I can imagine, this is sth that makes people drop from the competition.
I’d echo a lot of what’s been said here.
In particular, Kaggle is sooo much simpler to navigate, use, and (most importantly) submit competition entries on. Your training and inference notebook can be one and the same - if that was the case here I’d literally have saved hours, and probably have less hidden bugs/errors.
First of all, congrats for the work done ! It is really hard to run this kind of competition
If I can suggest way to get stronger involvement:
- For the first submissions, submitting a code and not directly the prices for known profiles makes things much harder. I think this has been strongly improved since the beginning of the competition.
- Then, the randomness of the rankings due to large claims probably discouraged a few (at least it was discouraging me) ; I think this has been solved by capping large claims / including reinsurance, which is great !
- Finally, I feel that once the players have a relatively good prediction algo, they are playing blindly on the margin they should use for each clients. I personally feel a bit stuck on how to improve my pricing strategy. Providing more feedbacks (in particular the profiles & conversion rate for the quotes in the weekly leaderboards) would, I believe, re-launch the interest of the game.
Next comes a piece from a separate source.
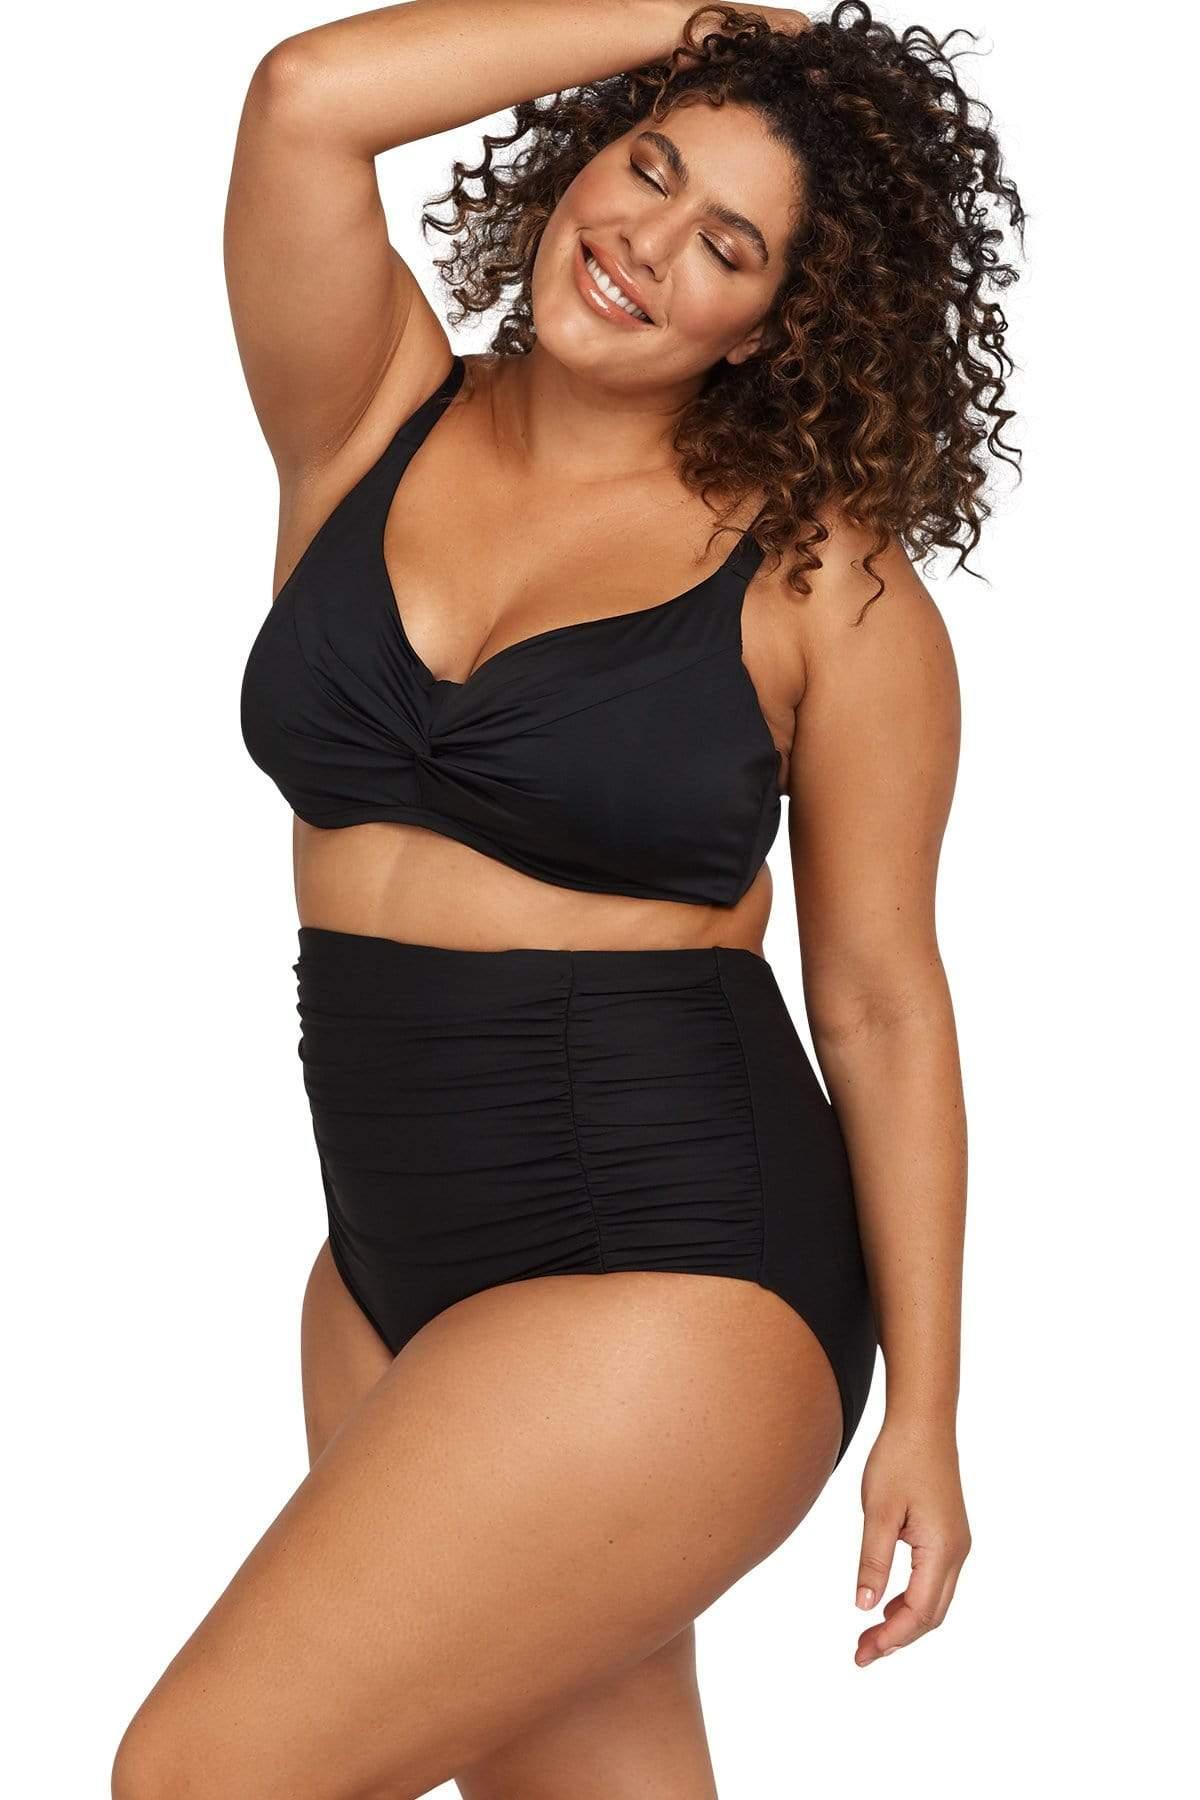 Hues Monet Soft Cup Underwire Bikini Top

These points are not new, but I am curious to know how much the last frustration is shared by the other players.
Thanks again for organizing all this !
for me the worst thing about the competition is that we only get one try a week to calibrate our prices, it would be amazing if it could be run every night instead but I guess that’s just part of the challenge
I think weekly profit leaderboard revision is enough. There’s a limit in what can be done with the data available and not everyone will have the time to revise their models even weekly.
One tip I’d share is to encourage people to avoid getting trapped in what’s known in Kaggle as a public leaderboard hill-climb. It can result in overfit models which fail to generalise to the unseen data used to determine final rankings.
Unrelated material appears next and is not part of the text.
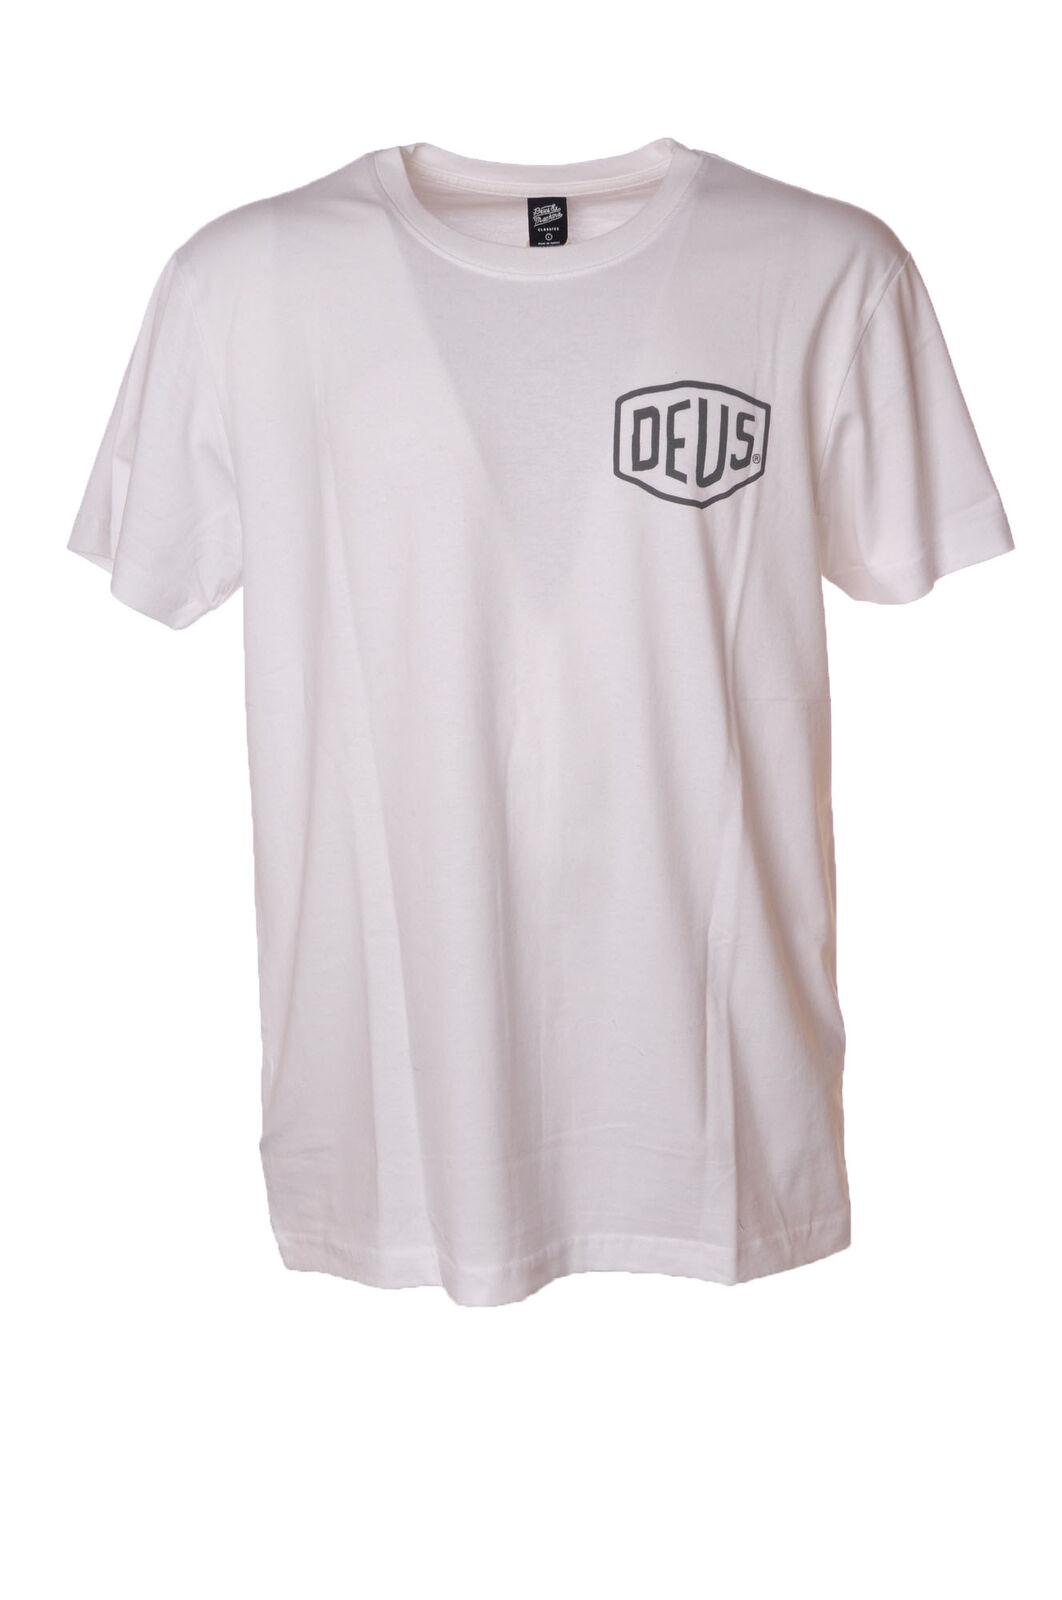 Deus - Topwear-T-shirts - Man - White - 4404215G184246

To illustrate, my week 5 winning profit leaderboard submission is built from a model that scores 500.3 on the RMSE leaderboard ie about position 110.!
There are many sound reasons why we should be ignoring the RMSE leaderboard and putting our trust in a robust local cross-validation approach. Yet I know from bitter Kaggle experience that it’s all too easy to forget this and get carried away by the thrill of chasing leaderboard positions.
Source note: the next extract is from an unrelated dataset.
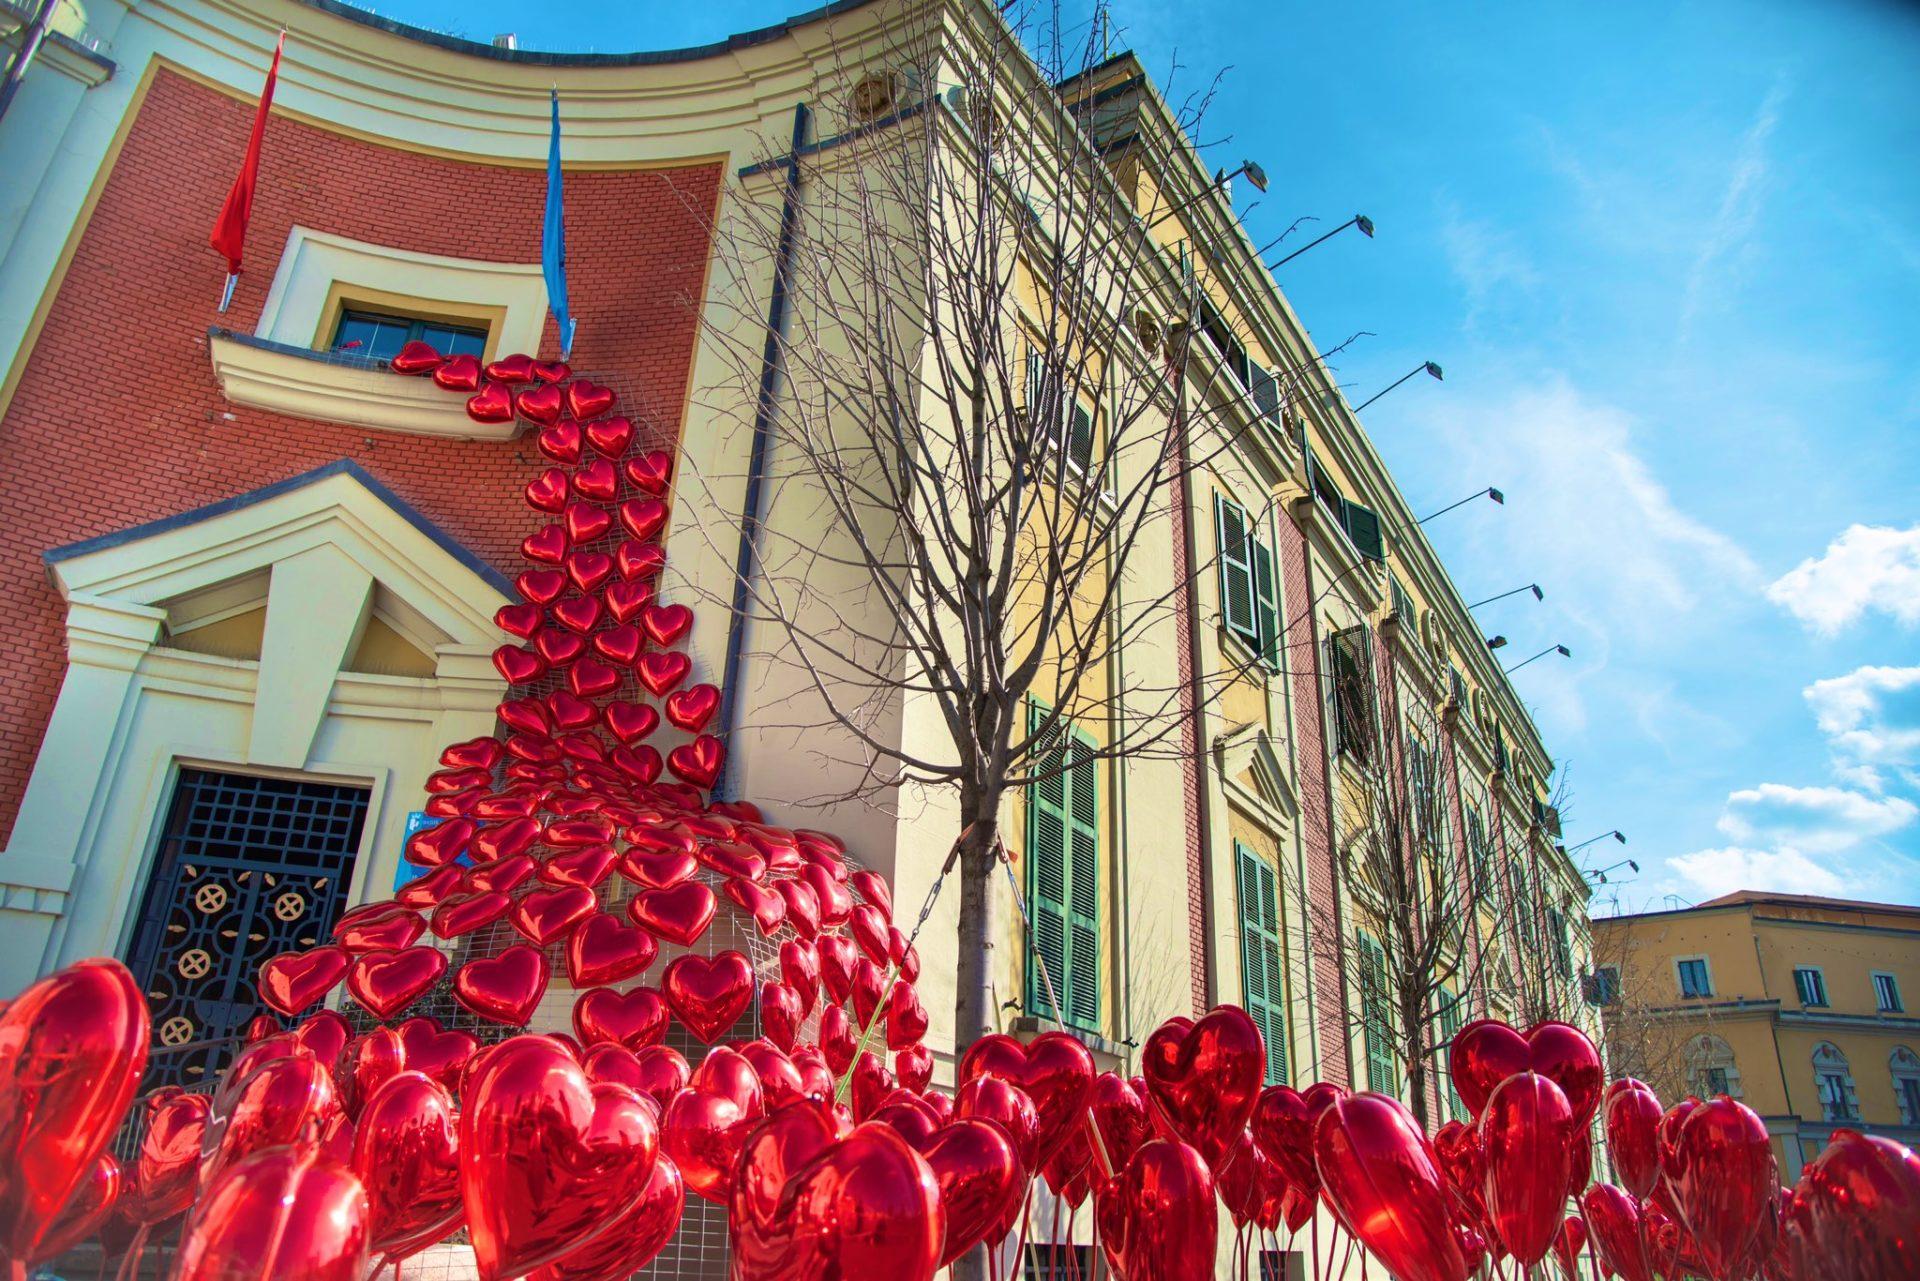 Auguri Di Natale In Albanese.Festivita In Albania

Wow! Neat. What was your loss ratio, if I may ask?
Its probably a difficult thing to implement, but it would be nice to have some more immediate feedback on how competitive your prices are, even just an indication of the likelihood of winning a policy based on applying your pricing function to the training data relative to the prices coming from other people’s pricing functions. I’ve worked in motor pricing, and in real world pricing you get quick feedback on how competitive your prices are - if your conversion rate drops or sky rockets for certain segments you quickly know you are out of line with the market. Getting this feedback tells you nothing about how profitable you will be, but its useful feedback to help calibrate a pricing model. If you start converting a high percentage of policies in certain segments you have to be pretty confident that it really is a profitable segment of the market. More immediate feedback may also allow people to build simple conversion models to assess the likelihood of winning policies if the data available was granular enough.
I think my regulator would object to me sharing price sensitive information… I’ll let you know next year when the reserving actuaries publish the results
I just wanted to chime in to say that I agree with all that Nigel said!